SUPPLIED DATA:
"""

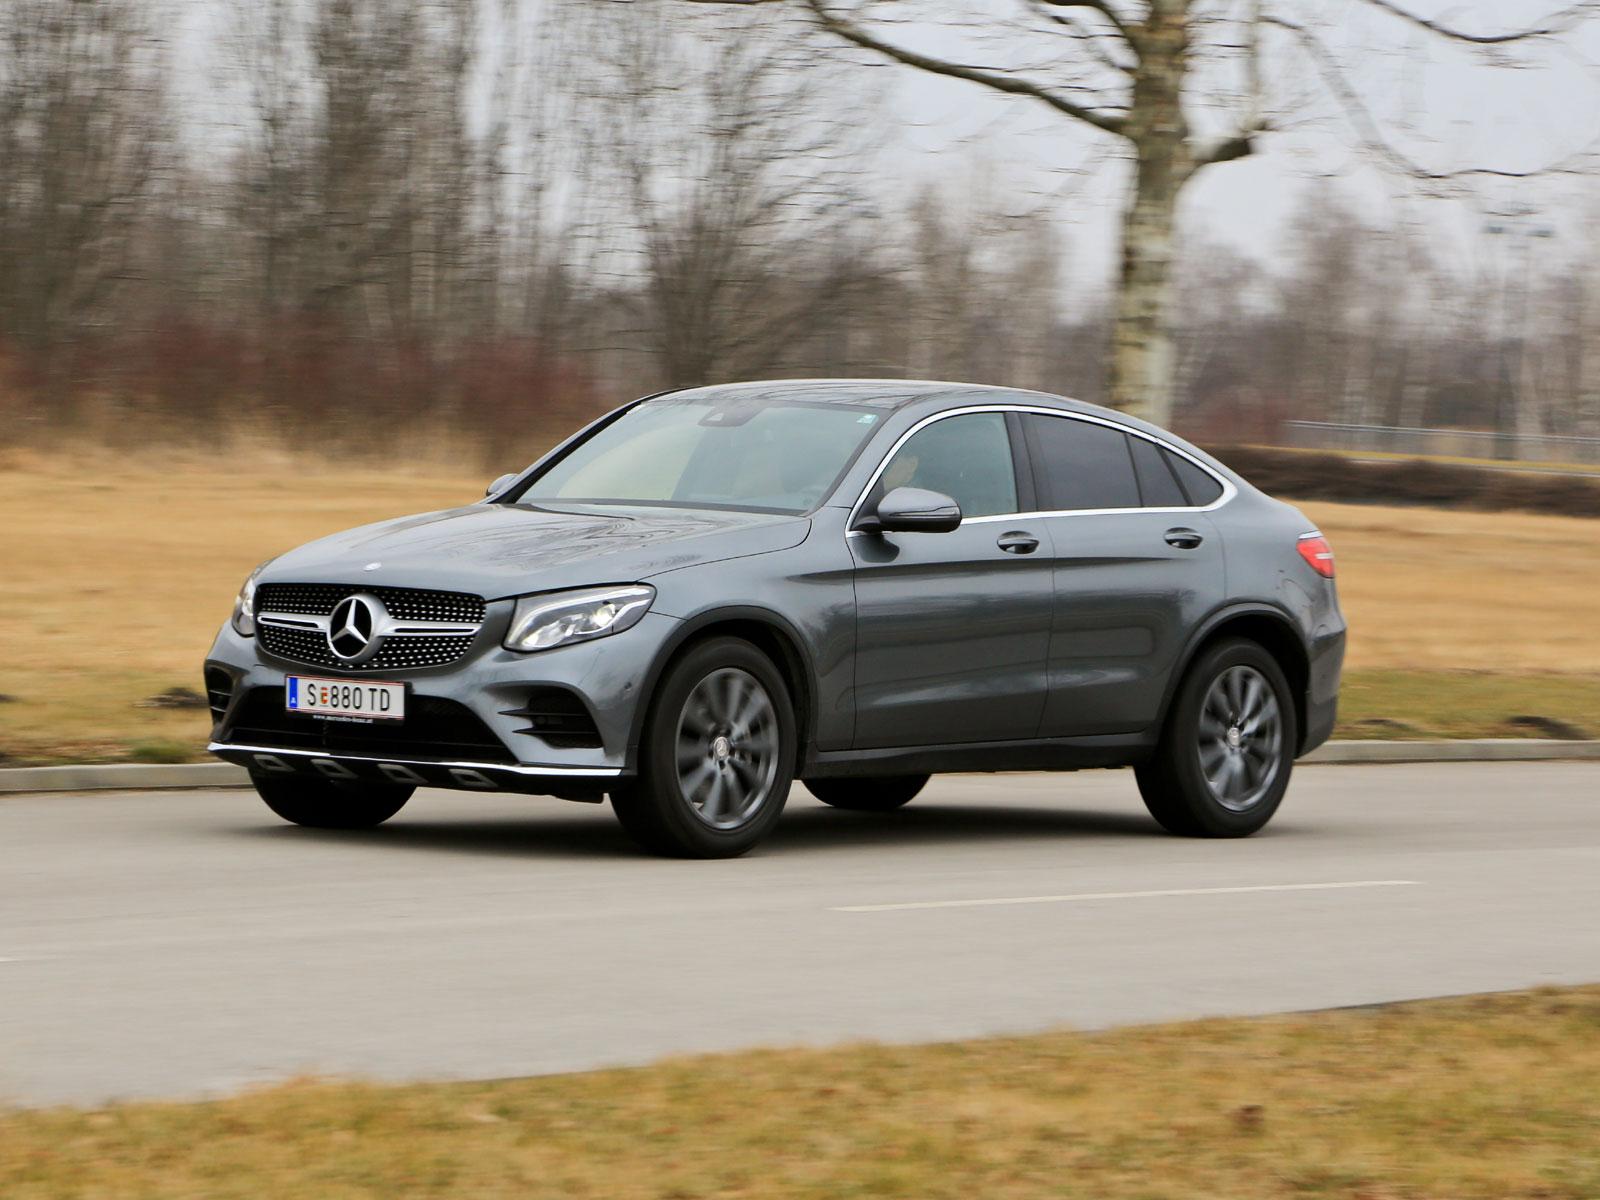 Mercedes Glc 220 D 4matic Coup 233 Testbericht Autoguru At
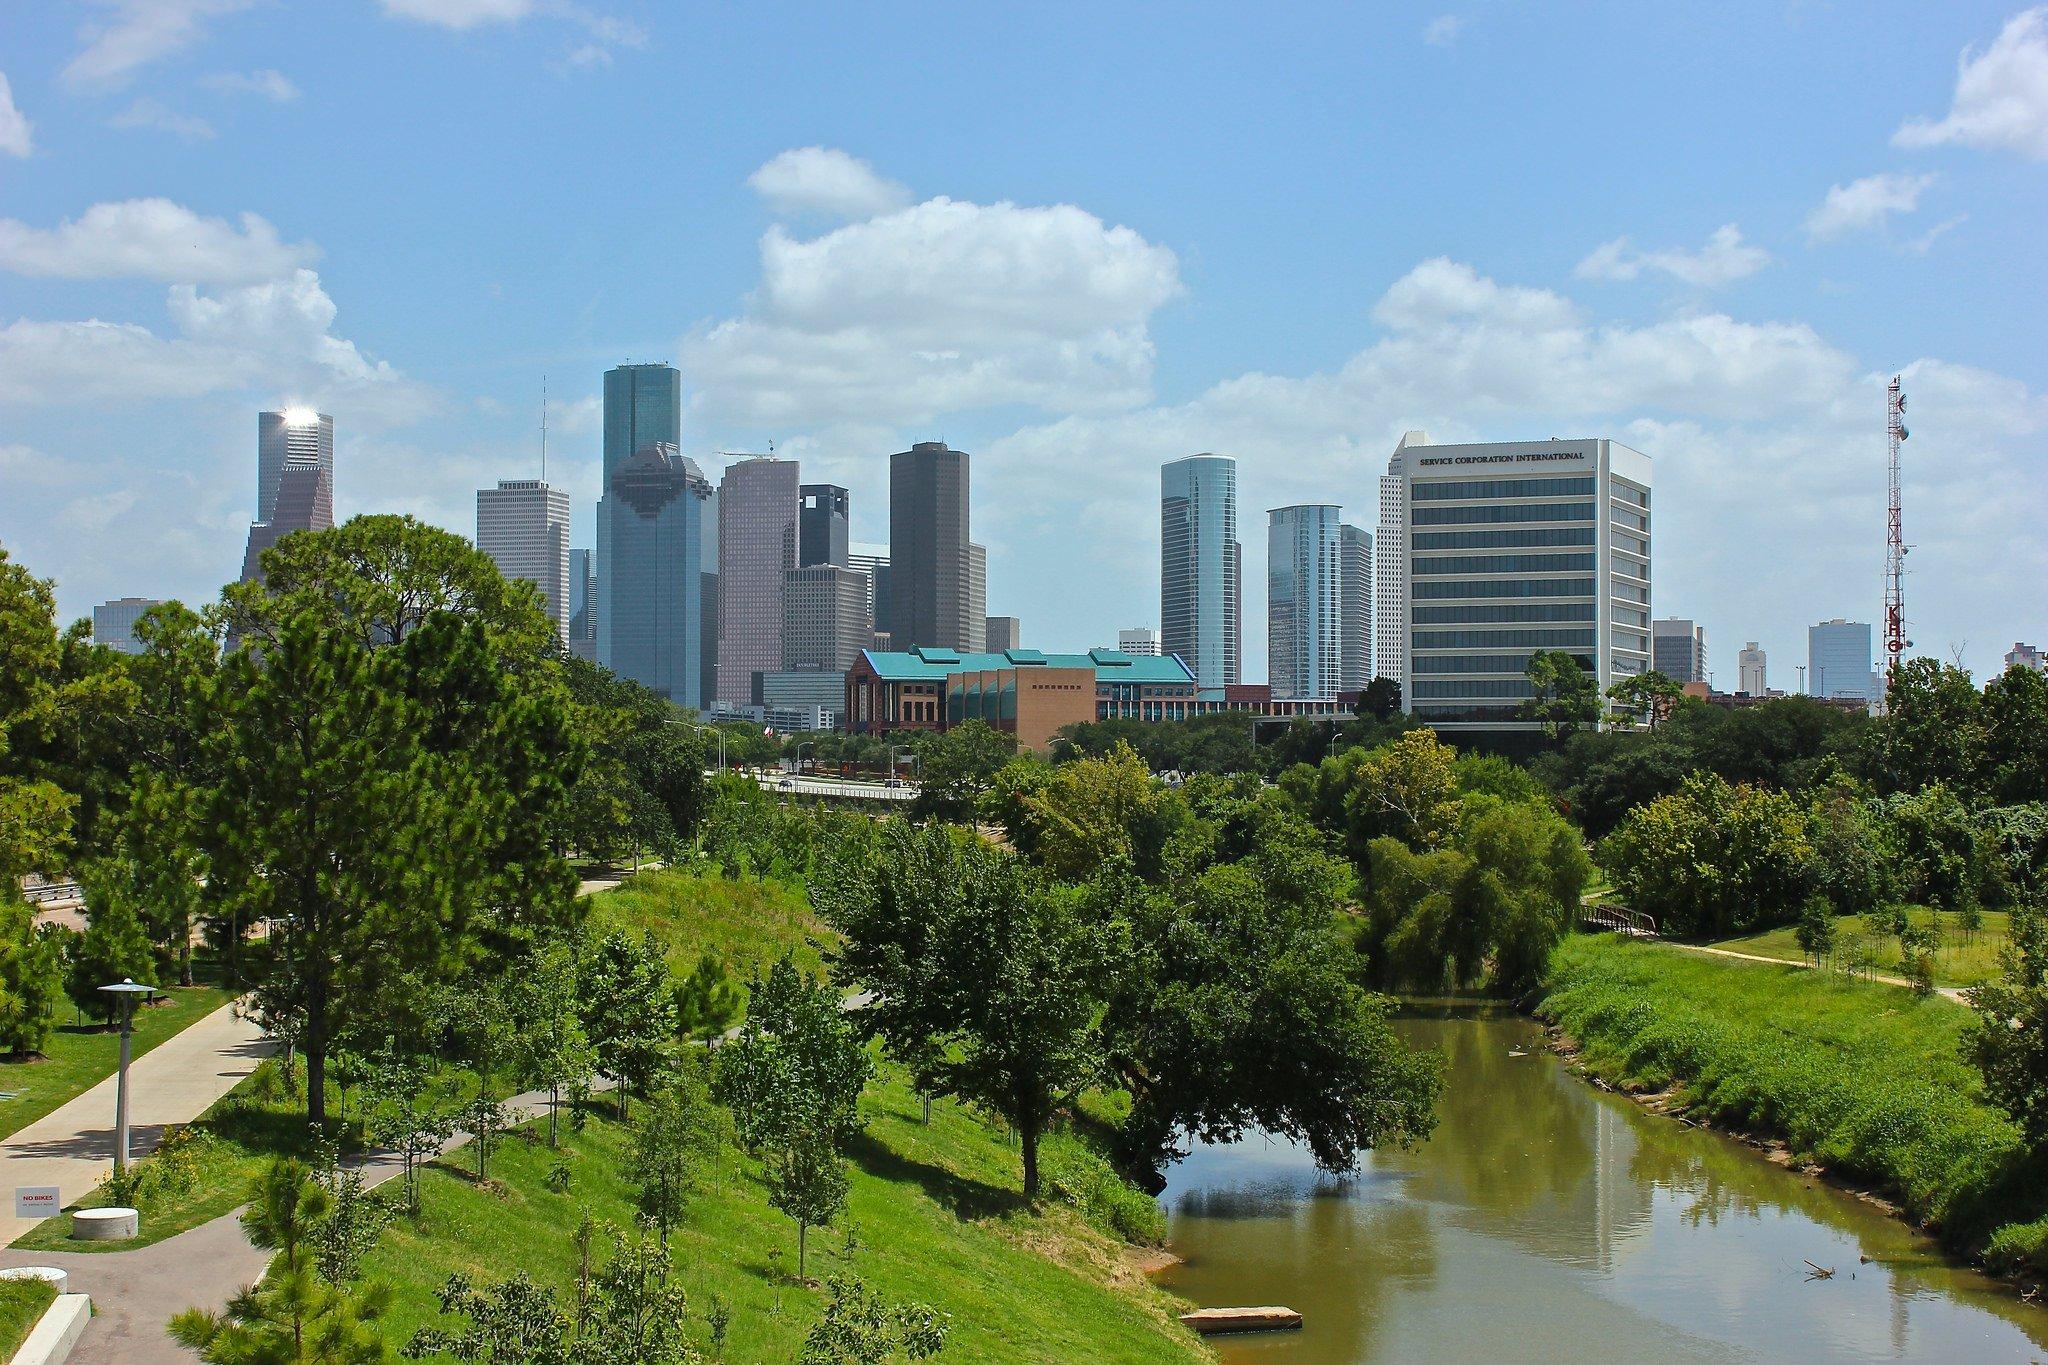 Houston architecture bridges cities City texas Night towers buildings 2048x1365
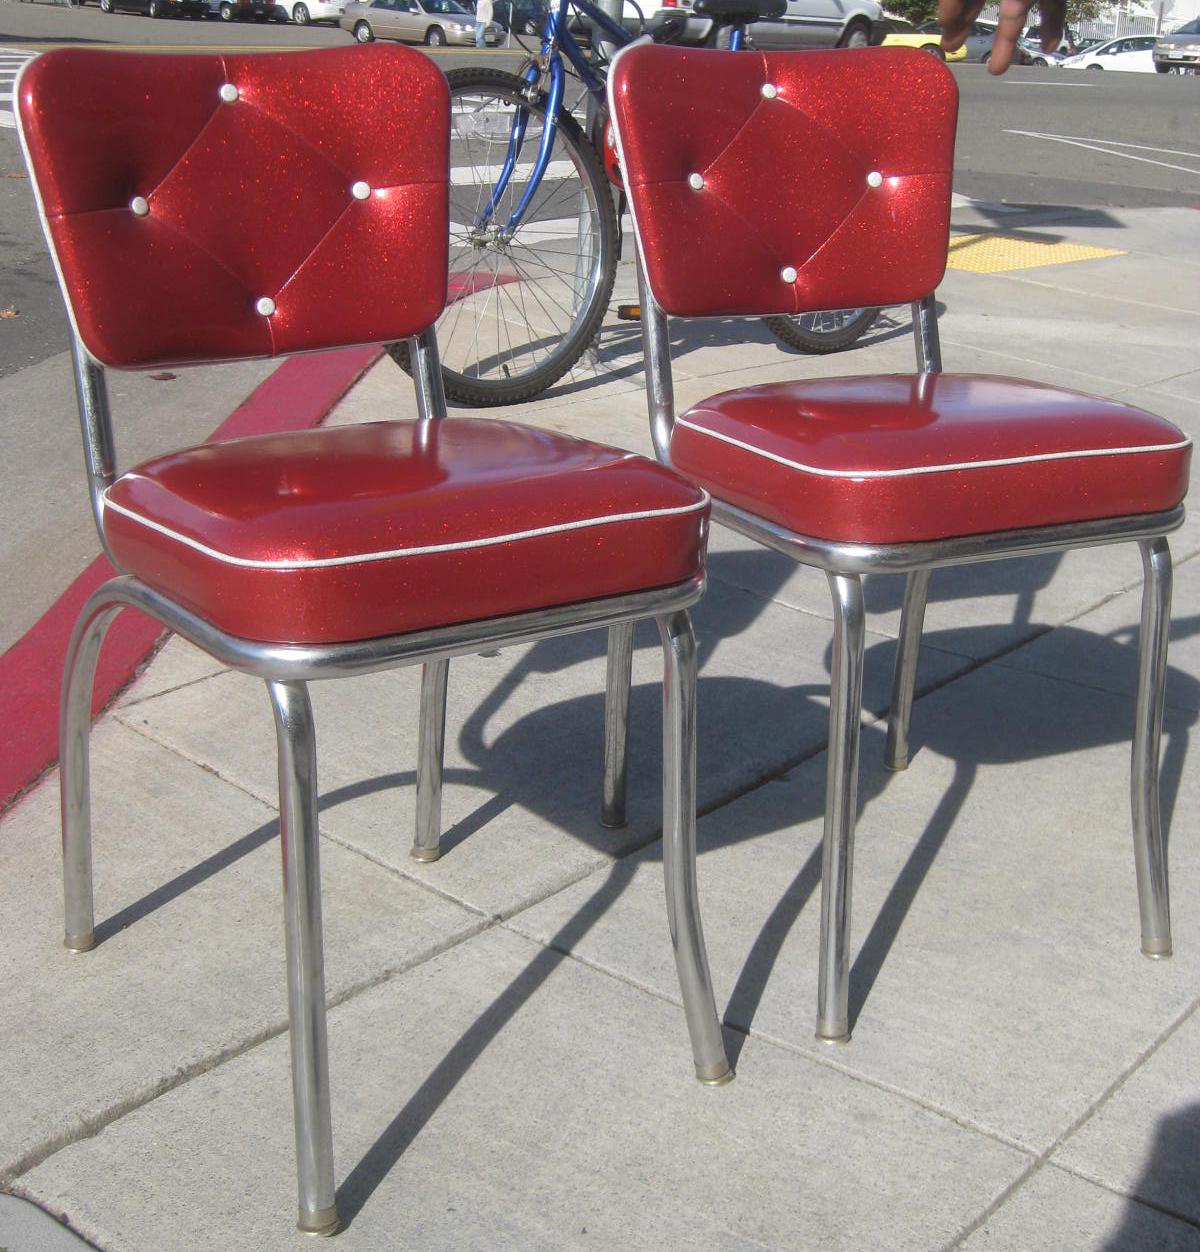 uhuru furniture amp collectibles sold two retro red kitchen chairs rh kitchenchairsideas blogspot com

"""

AIM OF THE EXERCISE:
Please print the data above once more, exactly and without images.

EXERCISE SOLUTION:
 Mercedes Glc 220 D 4matic Coup 233 Testbericht Autoguru At
 Houston architecture bridges cities City texas Night towers buildings 2048x1365
 uhuru furniture amp collectibles sold two retro red kitchen chairs rh kitchenchairsideas blogspot com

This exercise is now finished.